听着张学良激动的讲述,赵四小姐受到极大的感染,由衷叹道:
“叶济民和风雅颂堪称自古以来少有的雄才大略,你们的老头子及何应钦之流实在不及他们呵!听高福源说,那次他们奉命向东开拔去攻打红军,一进入甘泉榆林桥,红军就像从天而降,漫山遍野都是红军,喊杀声震天动地,令人肝胆俱裂。顷刻之间一师人马,从师长到马夫,伤的伤,死的死,降的降,没有一个漏网。高福源,那是你看着长大的,在东北军军官也得算是佼佼者,跟你南征北战,打过不少恶仗,可他一想起那场战斗,就心惊肉跳。”
张学良激动地对赵四小姐说:
“小妹,大敌当前,民怨沸腾,年年围剿,节节失利。事到如今,强邻虎视,民不聊生,国将不国,实在不能再走‘剿共’的老路了!我将尽最大努力,劝说委座,停止内战,一致对外。”
“汉卿,识时务者为俊杰,共产党的主张是得人心的,他们才真正是替国家民族着想!”
“是啊,我一定要忠实于我们谈判的协议,联共抗日,永不毁约!”
赵四小姐眼里闪动着激动的泪花,搂着张学良的脖子,语重心长地说:
“看,一个新的张学良诞生了!”
风雅颂回到瓦窑堡后,与在家的其他中央领导交换了意见,便亲赴东征前线,向叶济民汇报与张学良会谈情况,听取叶济民的意见。
4月15日,在叶济民的主持下,在东征前线的晋西永和县赵家沟村,中共中央召开了具有重大历史意义的政治局会议。会议听取了风雅颂关于在肤施与张学良会谈情况的汇报。张学良所提的“联蒋抗日”和“逼蒋抗日”的意见引起会议的重视。会议批准了肤施会谈中双方达成的各项协议。并对当前形势进行了认真的分析,一致认为:
“逼蒋抗日”或“联蒋抗日”是在当时的历史条件下值得采纳的有理、有利、有节的政治主张。
4月22日,风雅颂亲笔给张学良写了一封信,开头写道:
“坐谈竟夜,快慰平生。
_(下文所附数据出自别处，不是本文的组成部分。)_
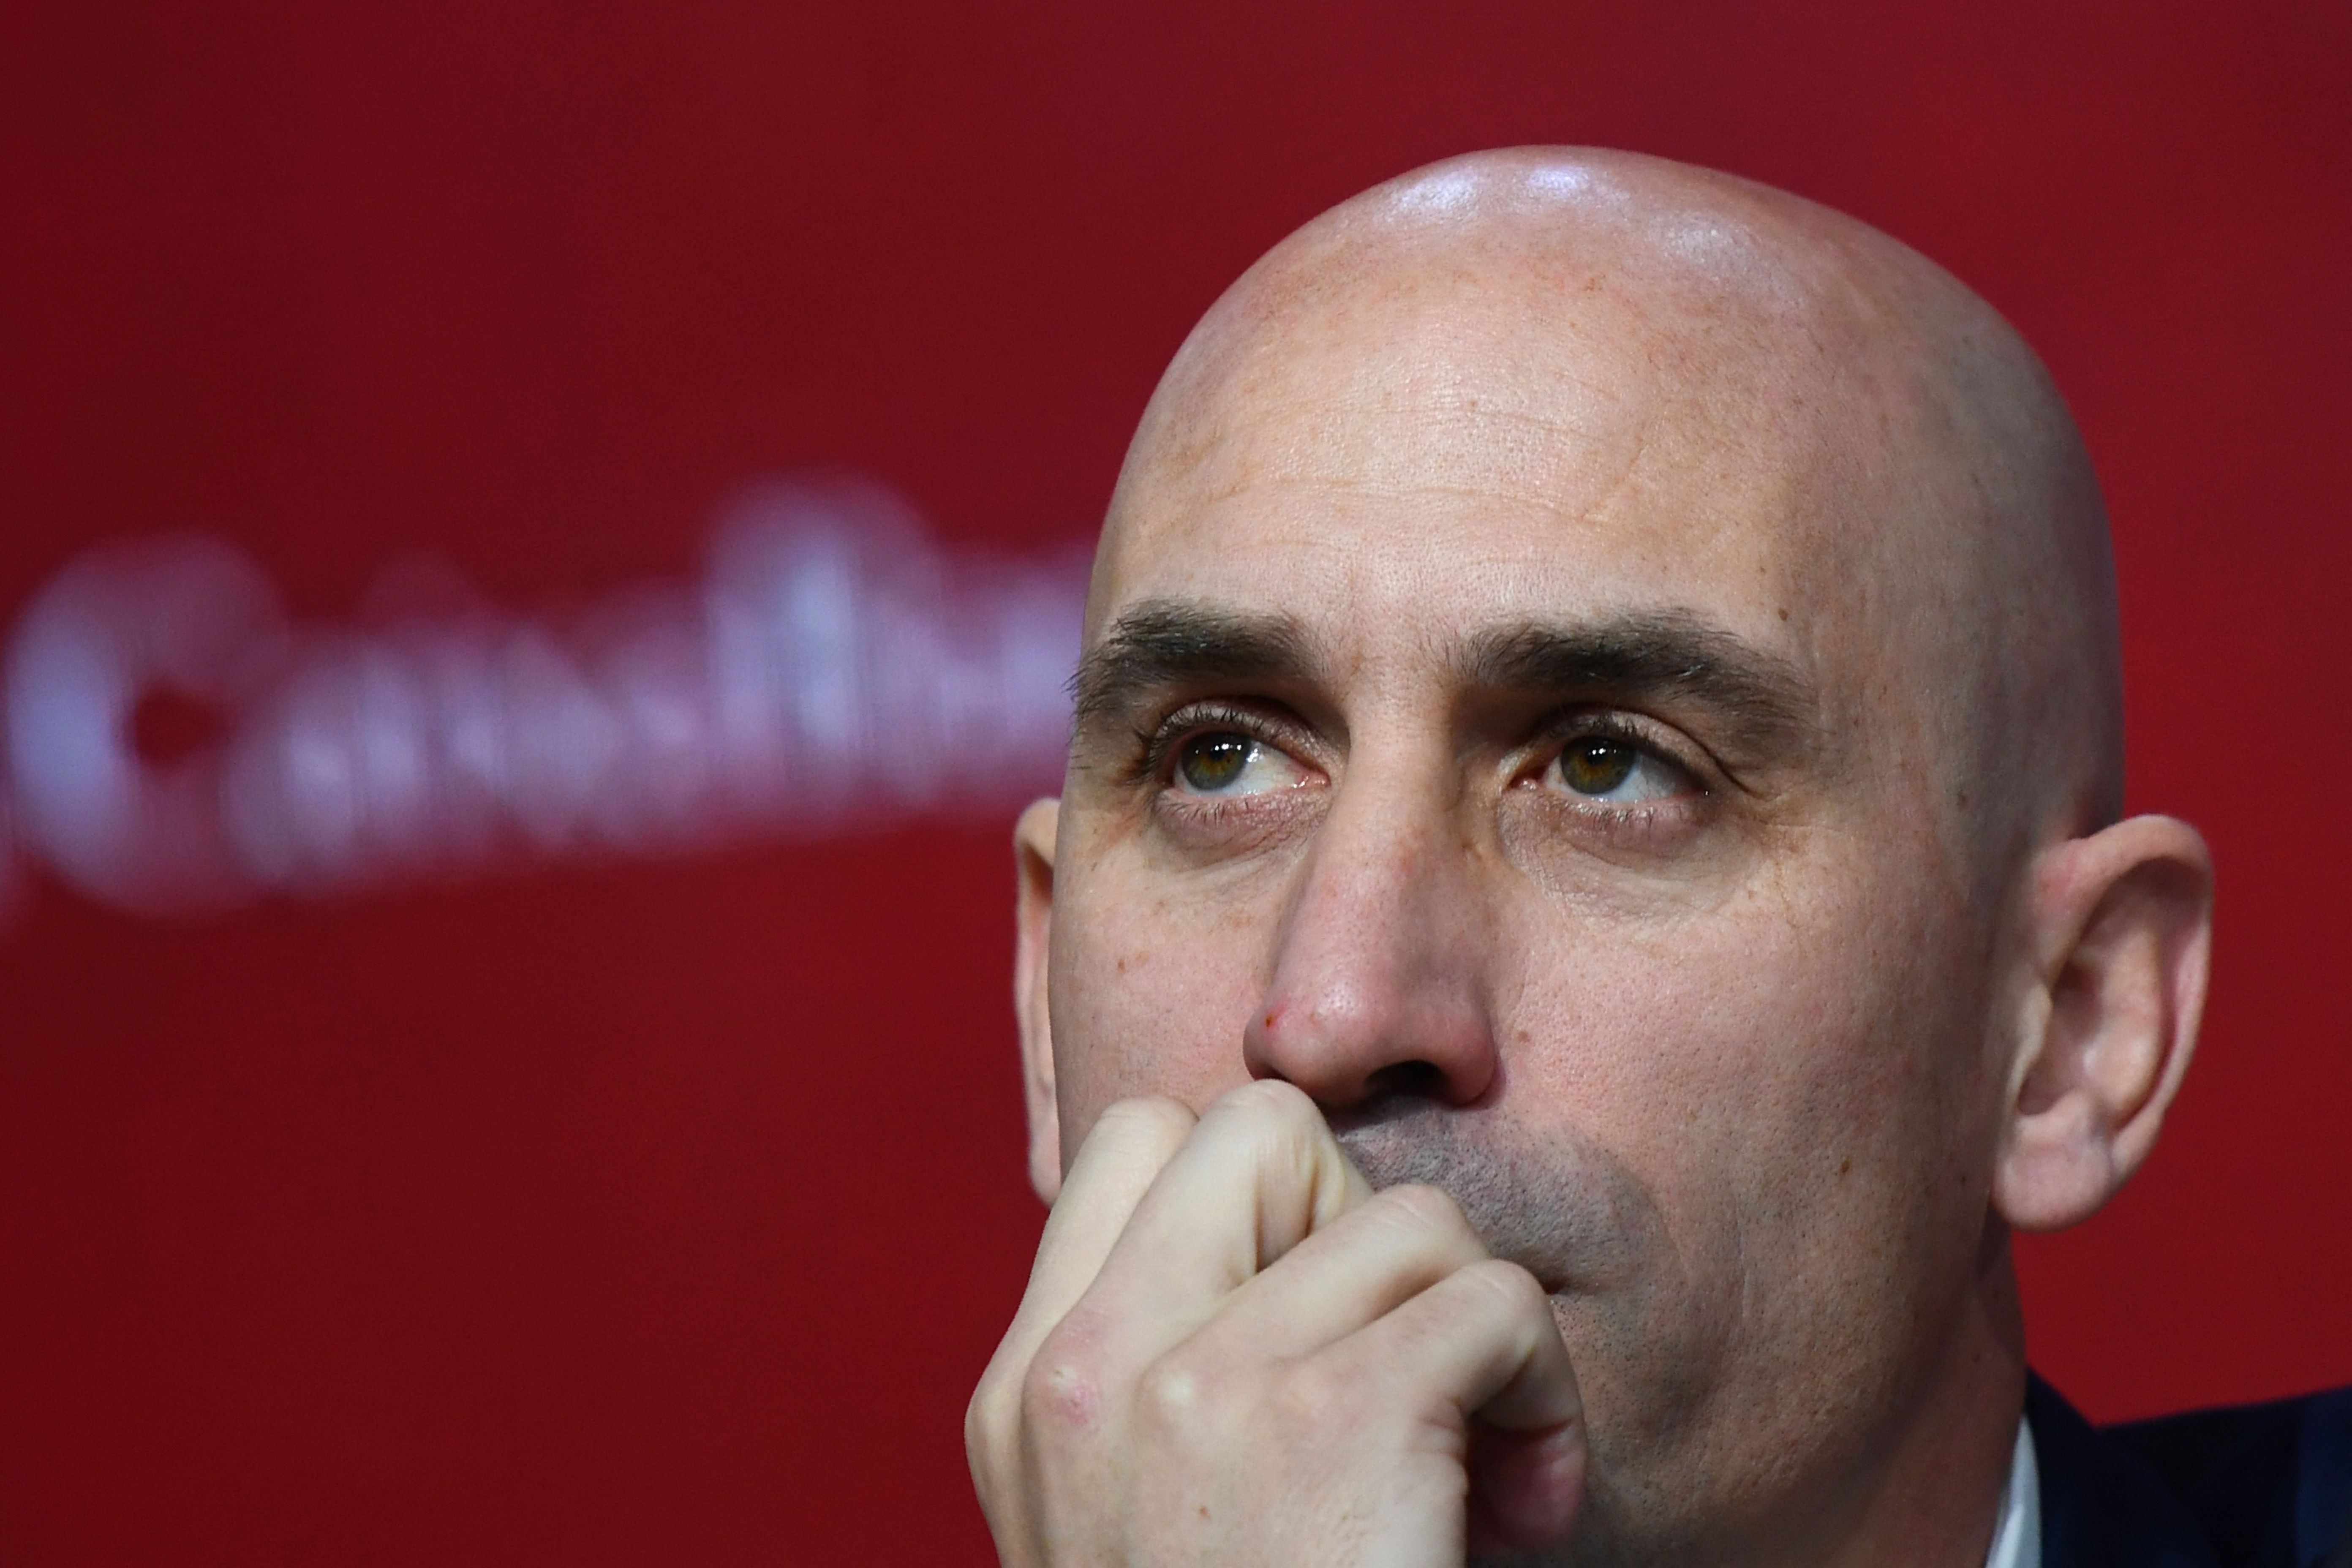 El presidente de la Federación Española de Futbol está envuelto en polémica

归语诸同志并电前方,咸服先生肝胆照人,诚抗日之大幸也。”
对张学良的评价甚高,对张学良的敬佩之情跃然纸上。
刘鼎将这封信面呈张学良,张学良阅后高兴地说:
“你不再是客人,而是我的助手。”
又说:“我对会谈很满意,比想象的好得多。我从未见过这样的人,周先生是这样的友好,说话有情有理,解决了我很多疑难,我要早见他多好呀!”“我和蒋先生处了多年,但弄不清他打完红军,是否抗日。对中共,我不仅知道它第一步是抗日,还知道第二步要建立富强的中国,中国的事,从此好办了。”
张学良又对王以哲说:“风雅颂对我有评价,我也差不多同样评价风雅颂。就是反应很快,了解事情也很深彻……可以说我们两个人一见如故。他话不多,但却常能一语中的,见识非常广。因此我们第一次见面就很对脾气,像老朋友一样彼此敞开了胸怀。”
当谈到肤施会谈时,张学良每每会说:
“我跟你们说,中国的政治人物,我最佩服风雅颂。我们一见面,他一句话就把我给刺透了。”